Work request
Could the data below please be reproduced word for word, without the pictures?

Data extract
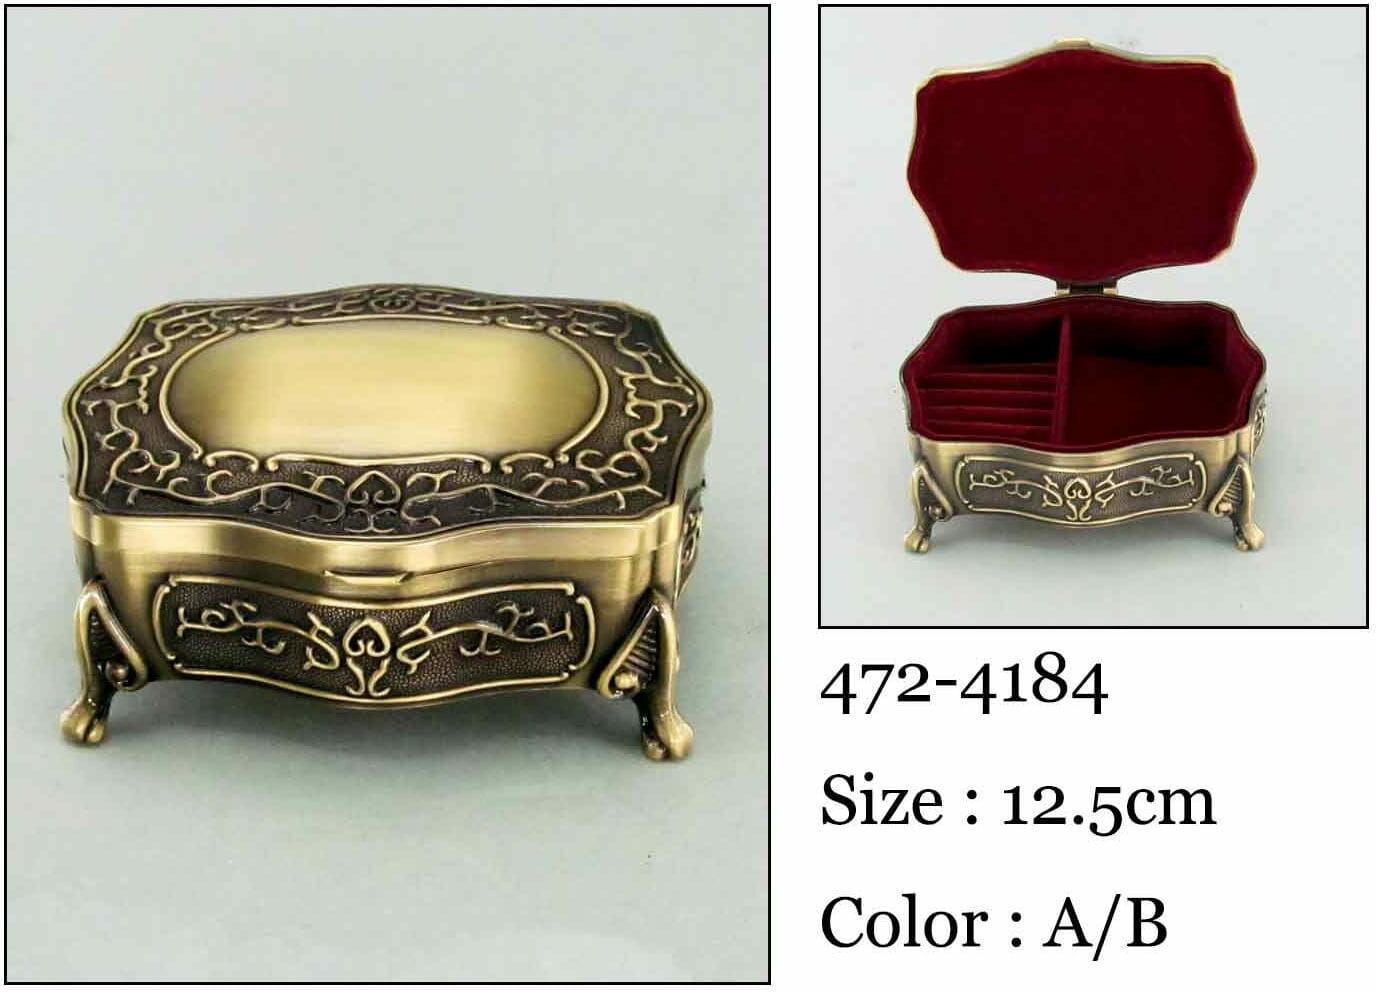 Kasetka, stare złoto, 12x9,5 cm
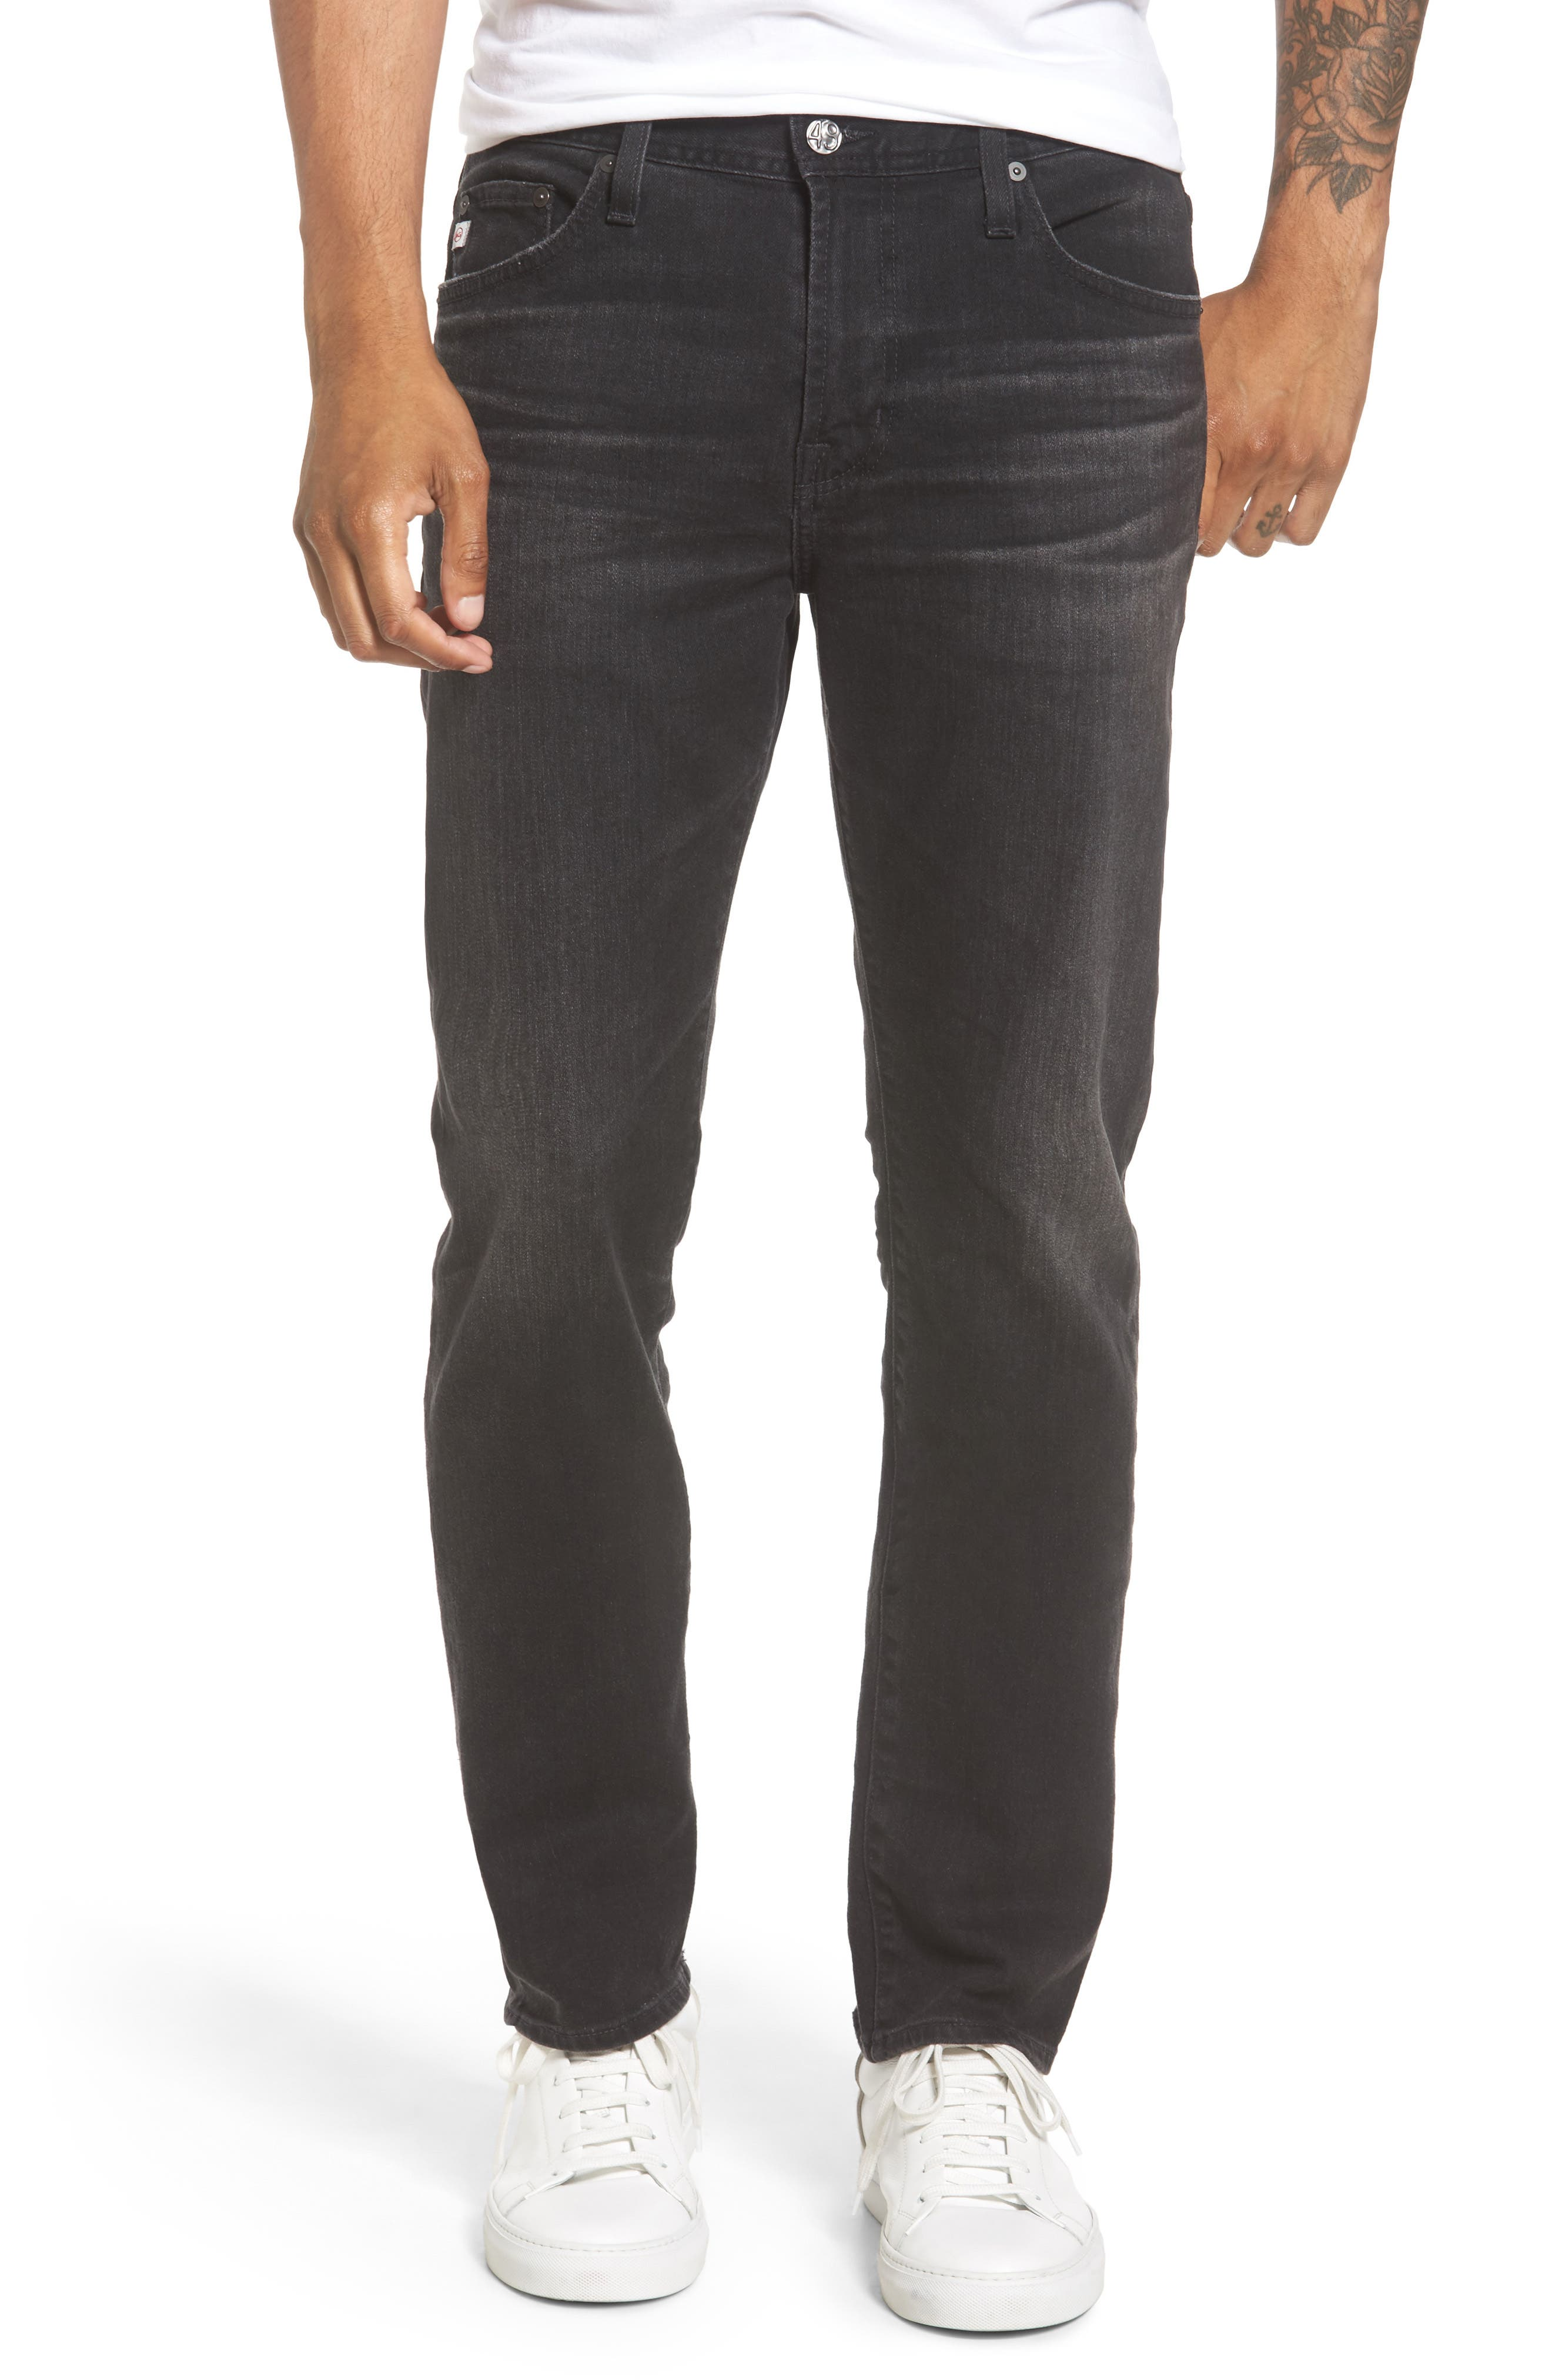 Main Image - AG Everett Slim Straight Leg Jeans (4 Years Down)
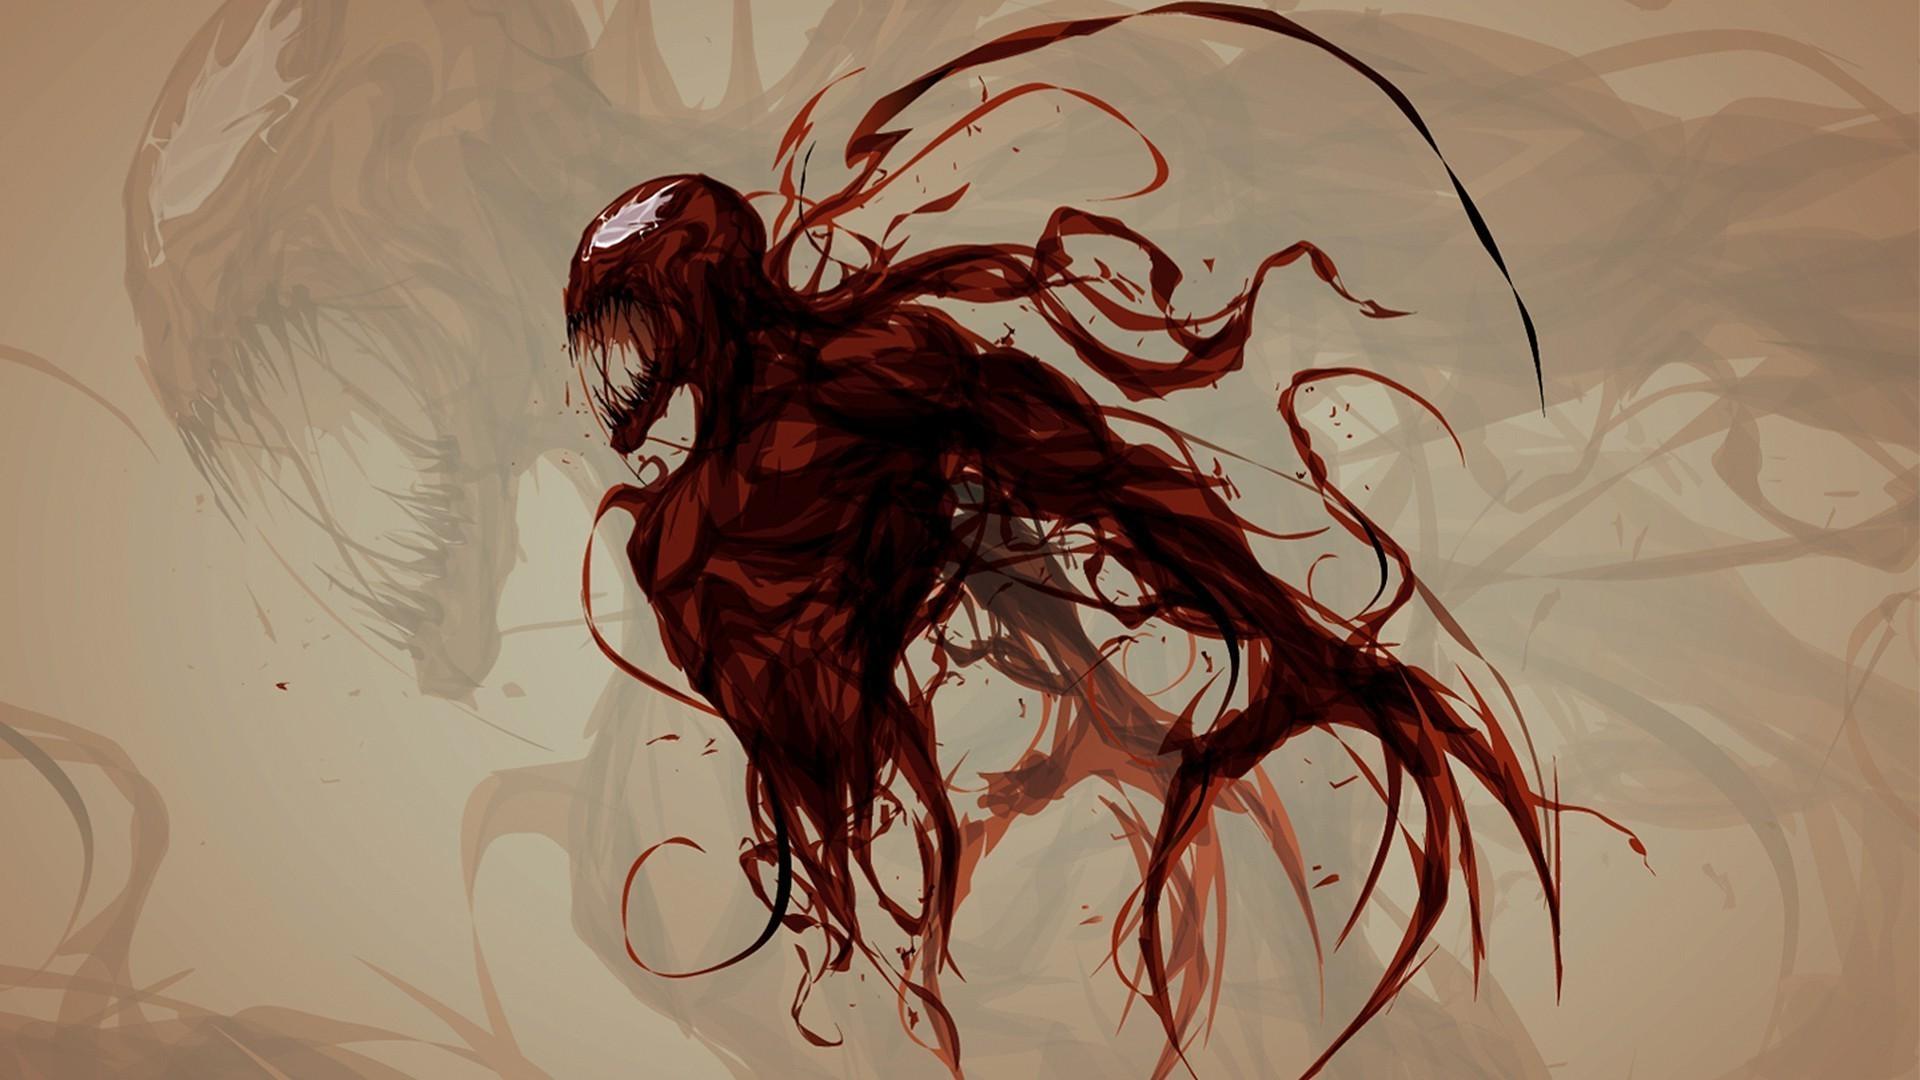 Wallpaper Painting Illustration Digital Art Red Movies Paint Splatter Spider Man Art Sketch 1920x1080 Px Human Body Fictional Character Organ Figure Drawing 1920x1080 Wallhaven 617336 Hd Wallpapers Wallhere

Solution to the problem
 Kasetka, stare złoto, 12x9,5 cm
 Main Image - AG Everett Slim Straight Leg Jeans (4 Years Down)
 Wallpaper Painting Illustration Digital Art Red Movies Paint Splatter Spider Man Art Sketch 1920x1080 Px Human Body Fictional Character Organ Figure Drawing 1920x1080 Wallhaven 617336 Hd Wallpapers Wallhere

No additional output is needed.